ACTIVITY:
From the line with "The Bernie Sanders" through the line with "Debt Overhang and", repeat the entries verbatim, both end lines included, and add nothing.

INFORMATION:
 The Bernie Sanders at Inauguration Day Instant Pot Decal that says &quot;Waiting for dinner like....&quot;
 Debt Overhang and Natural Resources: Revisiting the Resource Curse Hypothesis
* * *
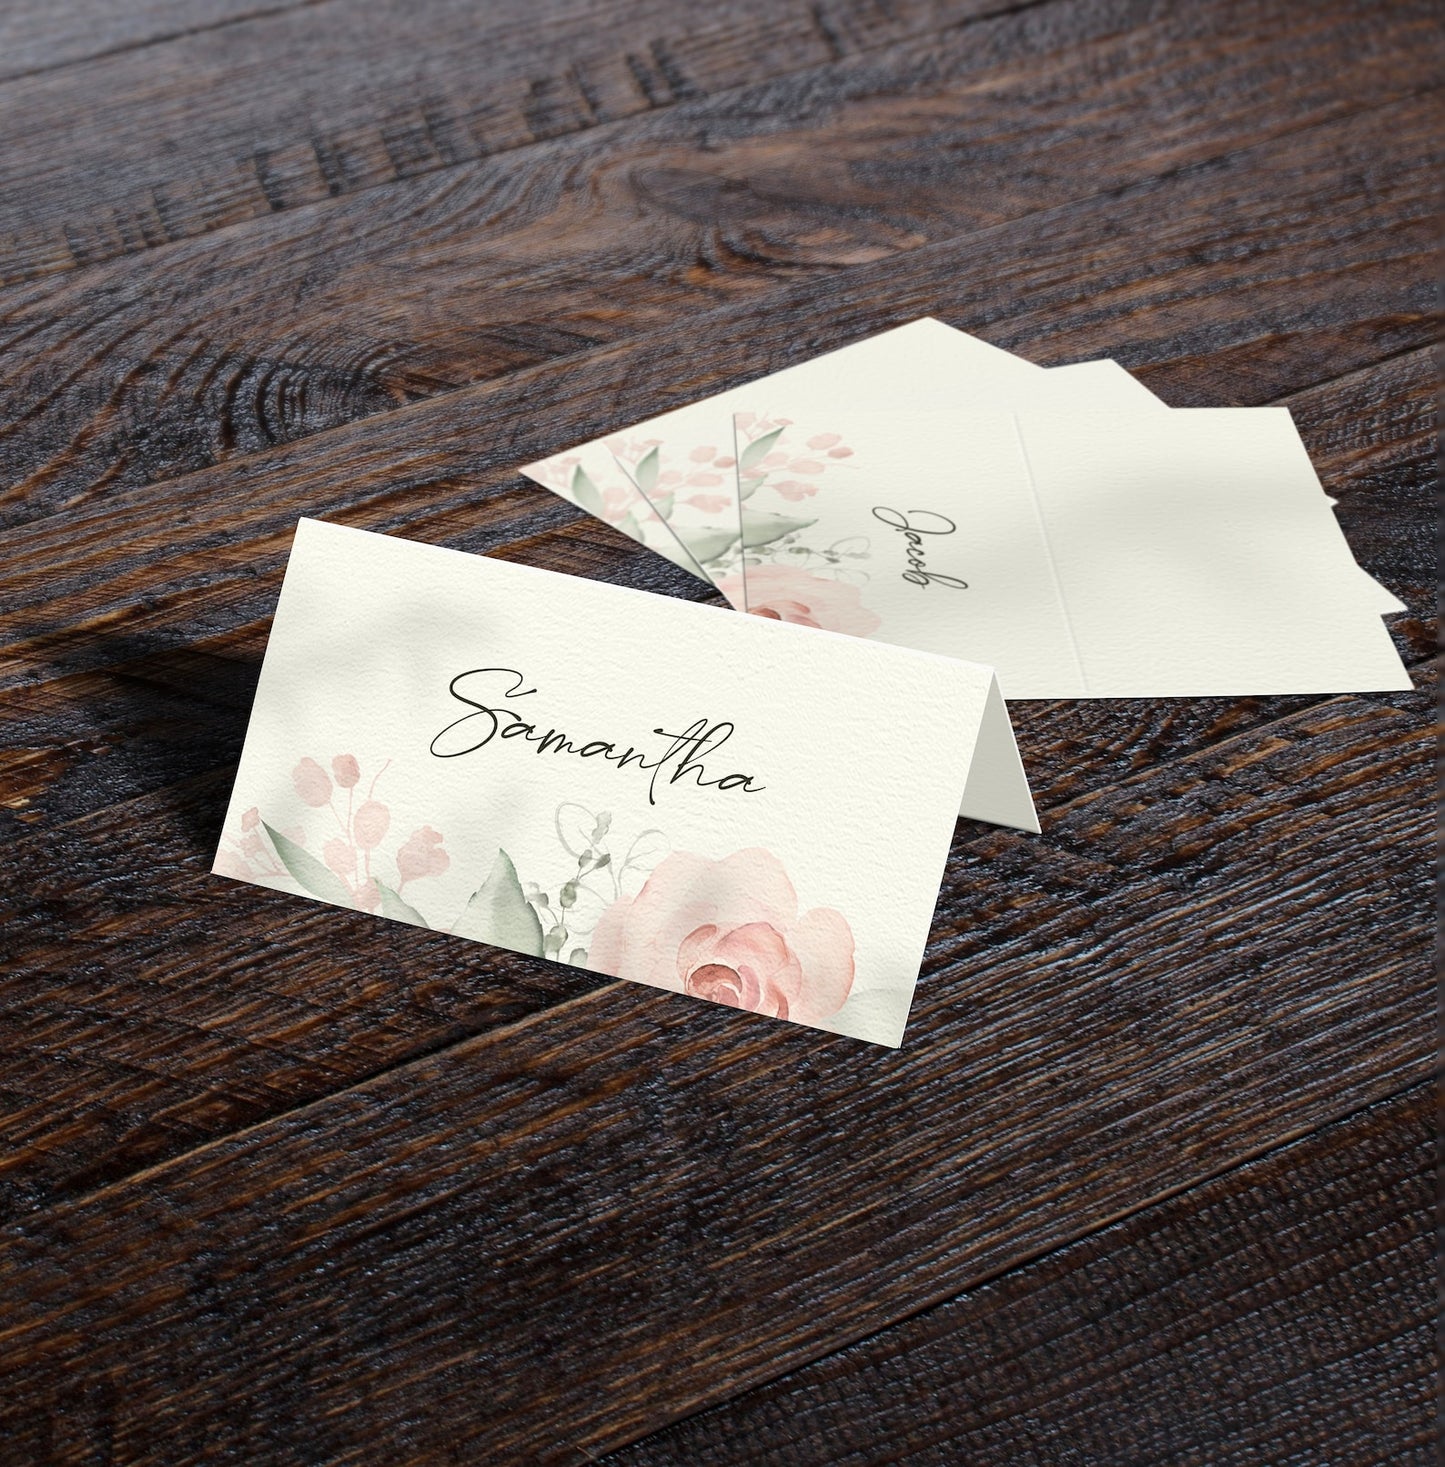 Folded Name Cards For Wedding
* * *
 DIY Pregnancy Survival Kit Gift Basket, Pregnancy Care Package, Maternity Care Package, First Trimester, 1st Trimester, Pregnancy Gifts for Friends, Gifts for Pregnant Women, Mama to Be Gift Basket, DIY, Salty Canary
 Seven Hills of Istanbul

TASK OUTPUT:
 The Bernie Sanders at Inauguration Day Instant Pot Decal that says &quot;Waiting for dinner like....&quot;
 Debt Overhang and Natural Resources: Revisiting the Resource Curse Hypothesis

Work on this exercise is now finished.